The FTC Reminds Consumers that There Is No Such Thing as a Panacea
- The FTC reached a settlement with marketing company Health Center, Inc. and its owner (collectively “HCI”) to resolve allegations that HCI used deceptive advertising claims about “cure-all” health and wellness products in violation of the FTC Act.
- The FTC’s complaint alleged that HCI used misleading marketing, including fake consumer testimonials, to sell three products online and through telemarketing calls with claims that the products could treat or cure a wide variety of diseases and conditions, including cancer, diabetes, Alzheimer’s disease, and arthritis, without any scientific evidence to back up these claims. The complaint also alleges that one of the products was advertised as containing human growth hormone when in reality it contained pig growth hormone.
- Under the terms of the proposed stipulated order, HCI is enjoined from engaging in deceptive marketing practices and is subject to an $8.62 million judgment, which will be partially suspended upon payment of $5,000. Because the suspension is expressly premised on the accuracy of HCI’s proffered financial statements, if HCI is later found to have misrepresented its financial condition, the full judgment will immediately become due.
California Sues Department of Education over Gainful Employment Rule Repeal
- California AG Xavier Becerra sued the U.S. Department of Education (“ED”) over its repeal of the Gainful Employment Rule, which requires certain vocational school, community college, and for-profit college programs to meet federal standards that show that their graduates can earn enough to pay back the debt incurred from attending the program in order to be able to offer federal student aid, alleging that the rollback violates the Administrative Procedure Act (“APA”).

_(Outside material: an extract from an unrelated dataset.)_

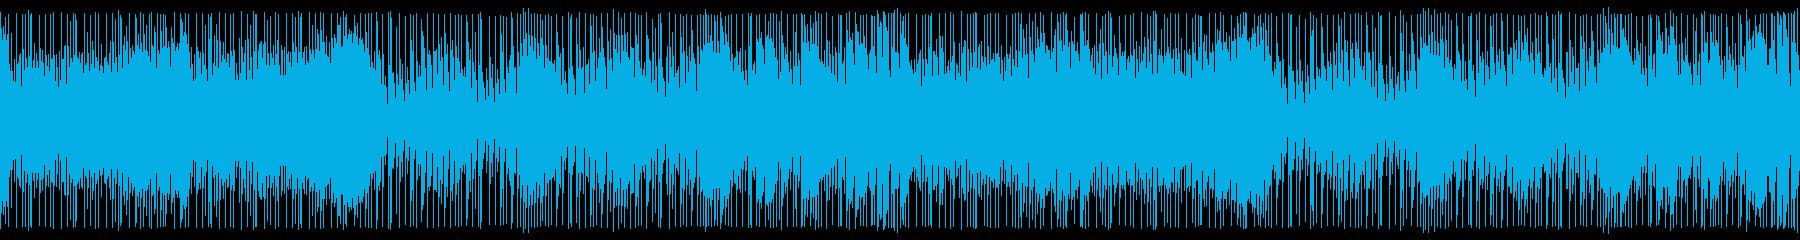 テクノポップ、シンセウェーブ:ループの再生済みの波形
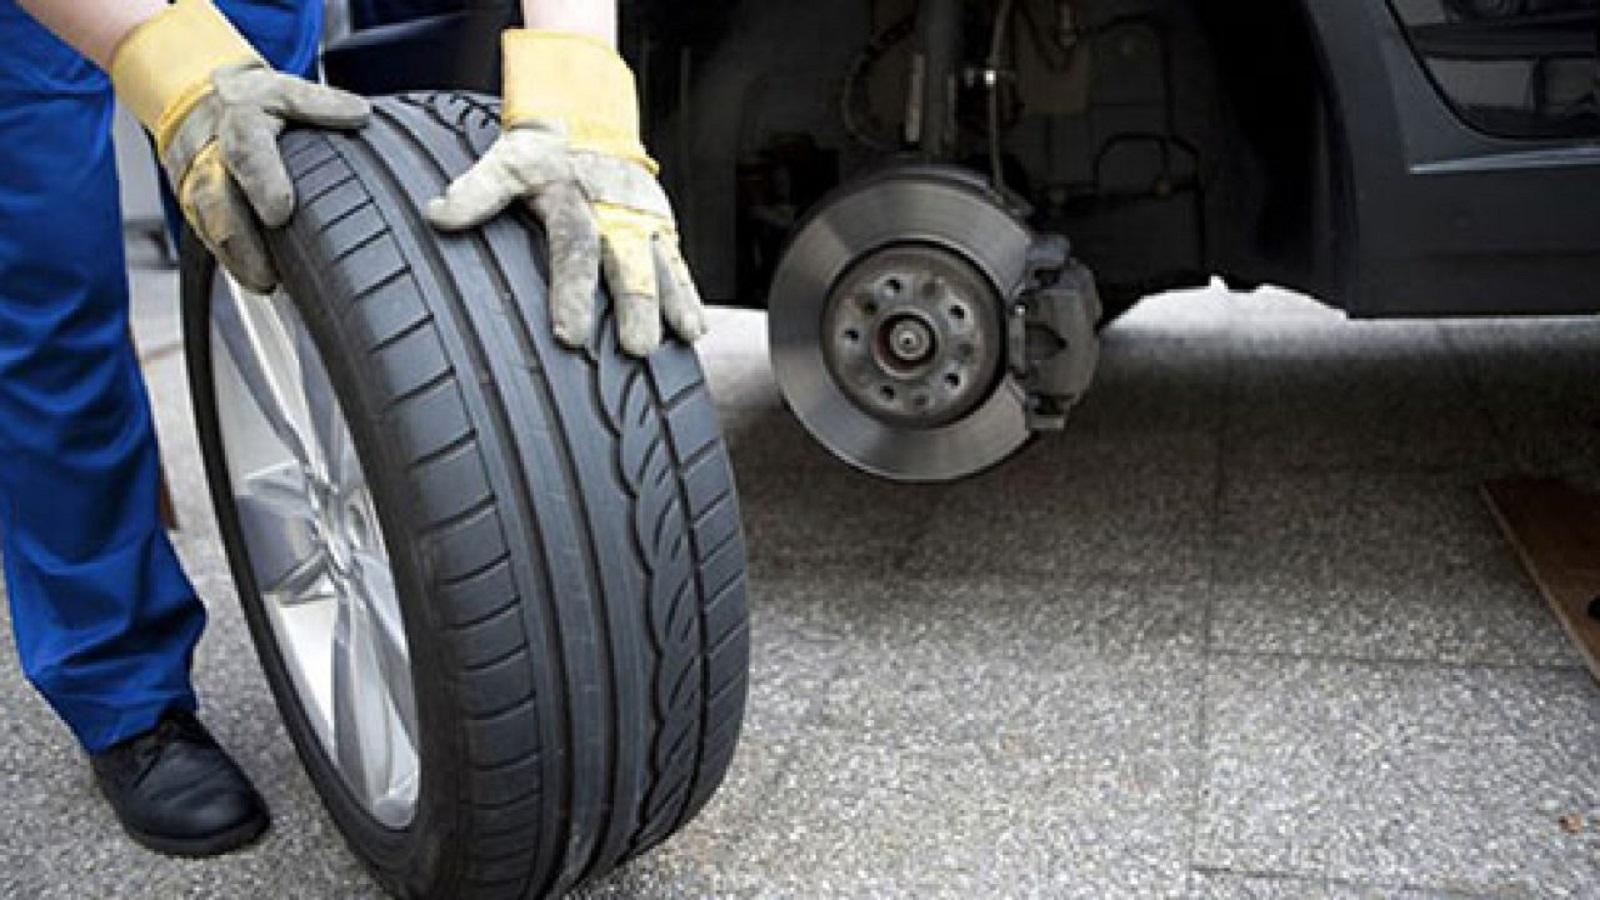 Lốp xe ô tô dự phòng nhỏ hơn lốp chính, vì sao? Ảnh 1

- According to the complaint, ED statistics show that more than 98% of schools not meeting Gainful Employment Standards are for-profit colleges that use predatory marketing to target students. The complaint argues that granting these for-profit schools access to federal student aid would result in many more students choosing these programs, leading to higher student loan defaults, leaving California to expend millions of dollars to support defaulting students. The complaint also alleges that rolling back the Rule violates the APA because it is arbitrary, capricious, or otherwise not in accordance with the law.
- The complaint seeks declaratory and injunctive relief.